Weitere Assistenzleistungen

Wahlassistenz

Auch bei der Stimmabgabe bei Wahlen haben Menschen mit Beeinträchtigungen einen Anspruch auf Assistenz. Die Grenzen dieser Assistenzleistung werden hier-bei durch das Strafgesetzbuch (§ 107a Wahlfälschung StGB) und das Bundes-wahlgesetz (§ 14 Ausübung des Wahlrechts BWahlG) gesetzt.

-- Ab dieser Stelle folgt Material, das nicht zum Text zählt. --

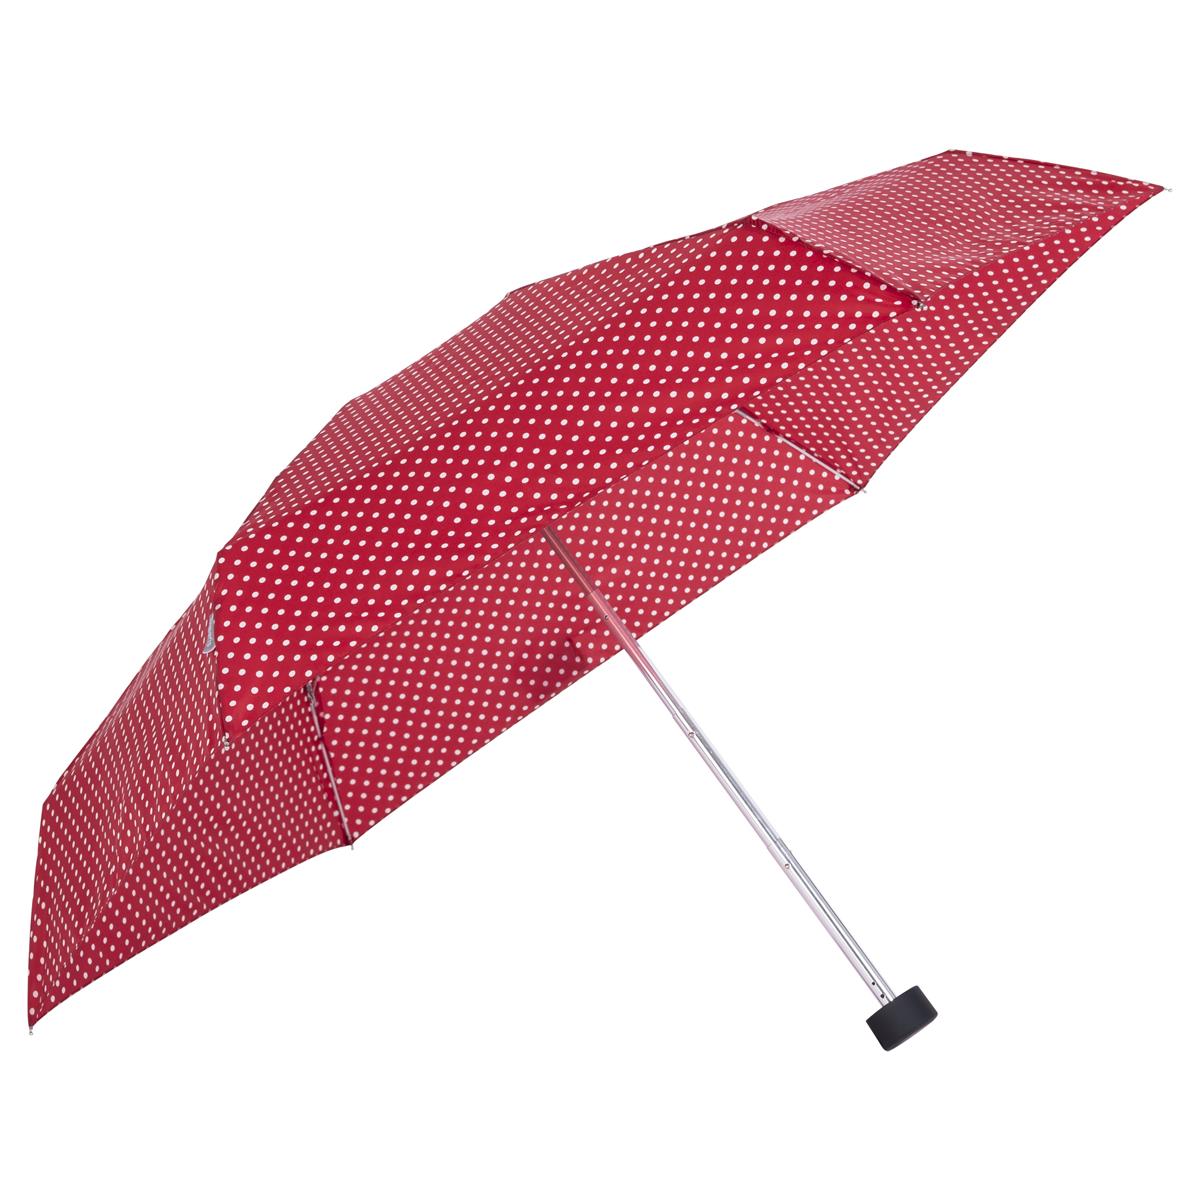 Tambrella mini rot

Assistenzleistungen aus weiteren Sozialgesetzbüchern

Neben dem SGB IX kommen auch weitere rechtliche Grundlagen zur Erbringung von Assistenzleistungen in Frage, so z. B. das SGB V (Gesetzliche Krankenversicherung), das SGB VIII (Kinder- und Jugendhilfe) oder das SGB XI (Soziale Pflegeversicherung). Die jeweilige gesetzliche Grundlage und daran anschließend die Finanzierungsmöglichkeiten sind vom individuellen Bedarf und der Situation des Menschen mit Beeinträchtigung abhängig.